Hasil penelitian ini mendukung hasil penelitian yang dilakukan oleh


Rudiansya (2003) bahwa Kontribusi pajak daerah dan retribusi daerah masih
43

fluktuatif. Dalam Harianto (2007) disebutkan bahwa pendapatan asli daerah yang
semakin tinggi akan merangsang pemerintah daerah untuk lebih meningkatkan
mutu pelayanannya kepada publik.

Fenomena yang ada menyebutkan pengendalian dan pengelolaan


penerimaan daerah di Provinsi Kalimantan Barat yang belum memadai
dikarenakan penatausahaan piutang pajak dan retribusi daerah tidak tertib,
Berdasarkan hasil penelitian dapat diketahui bahwa Dalam rangka meningkatkan
pendapatan daerah, sektor retribusi daerah merupakan sektor yang sangat besar
untuk digali dan diperluas pengelolaannya, karena retribusi daerah dipungut atas
balas jasa yang disediakan pemerintah. Sedangkan pajak daerah dan retribusi
daerah merupakan primadona untuk penerimaan daerah yang penerimaannya
dapat diandalkan dan dioptimalkan sesuai dengan kemampuan di tiap-tiap
kabupaten/kota di Provinsi Kalimantan Barat yang diketahui bahwa setiap
kabupaten/kota memiliki potensi yang berbeda-beda.
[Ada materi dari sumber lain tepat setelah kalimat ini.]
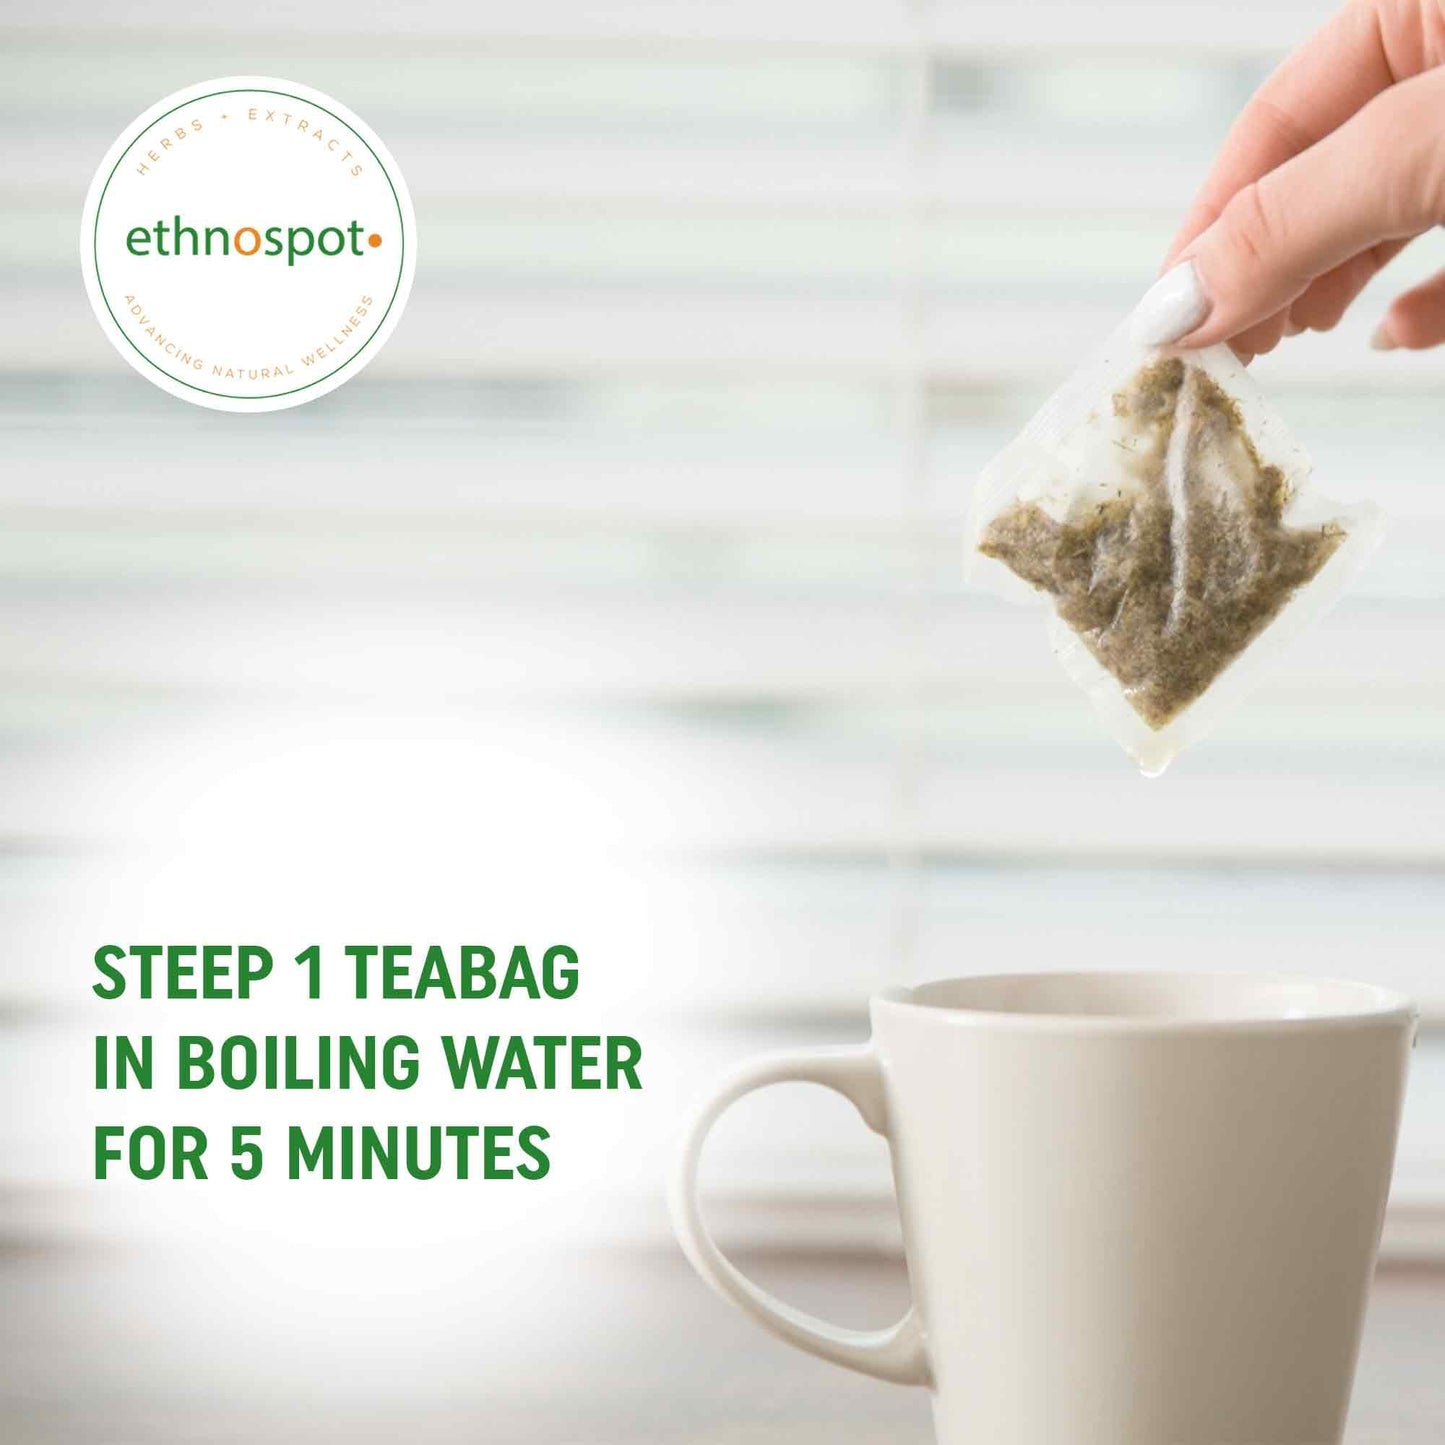 Rhodiola Rosea Teabags - Stress Reducing Adaptogenic Herbal Tea
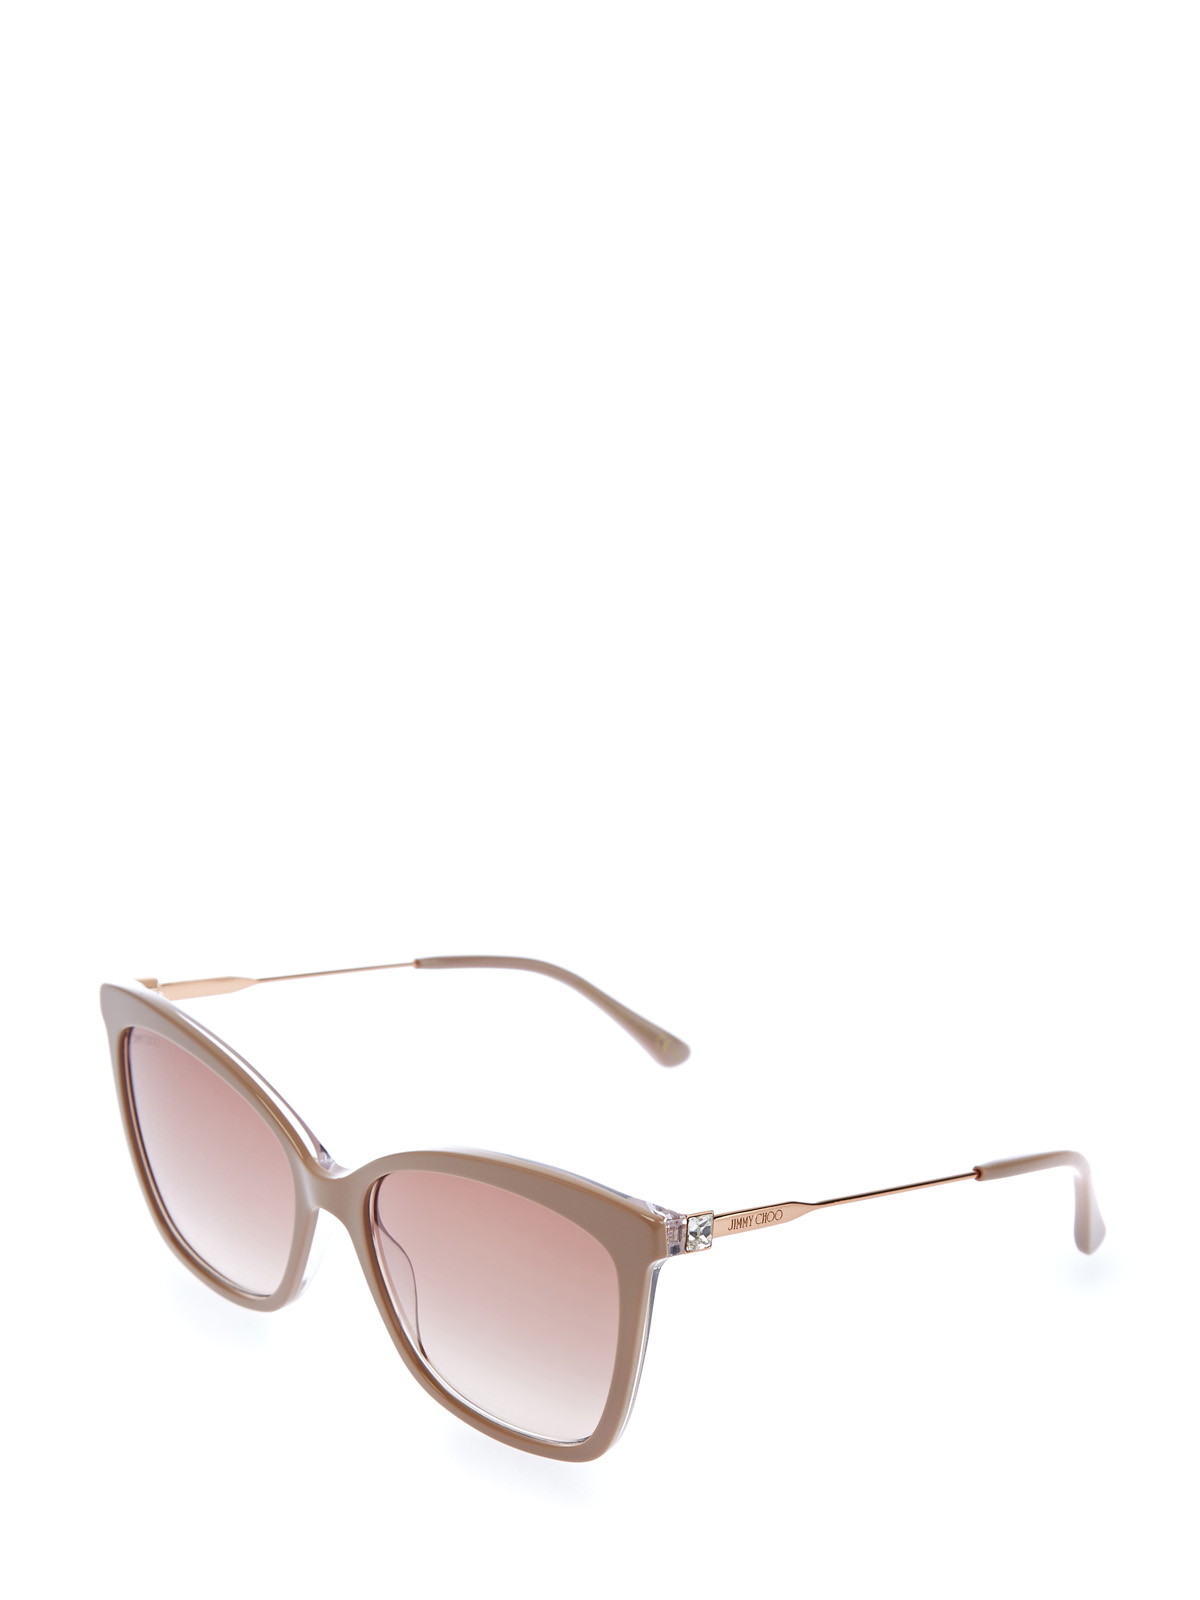 Солнцезащитные очки Maci с кристаллами Swarovski JIMMY CHOO  (sunglasses), цвет розовый - фото 2

Maka dari itu, pajak daerah dan retribusi daerah sebagai sumber
penerimaan yang dapat diandalkan dan digali potensinya oleh daerah untuk
belanja daerah atau dengan kata lain membantu dalam pembiayaan dan
pembangunan pada setiap kab/kota. Ini menunjukkan bahwa hasil penelitian ini
menjawab fenomena yang terjadi bahwa pajak daerah dan retribusi daerah dapat
ditingkatkan dalam pengelolaan dan pengendaliannya untuk menunjang belanja
daerah dalam pembiayaan dan pembangunan daerah.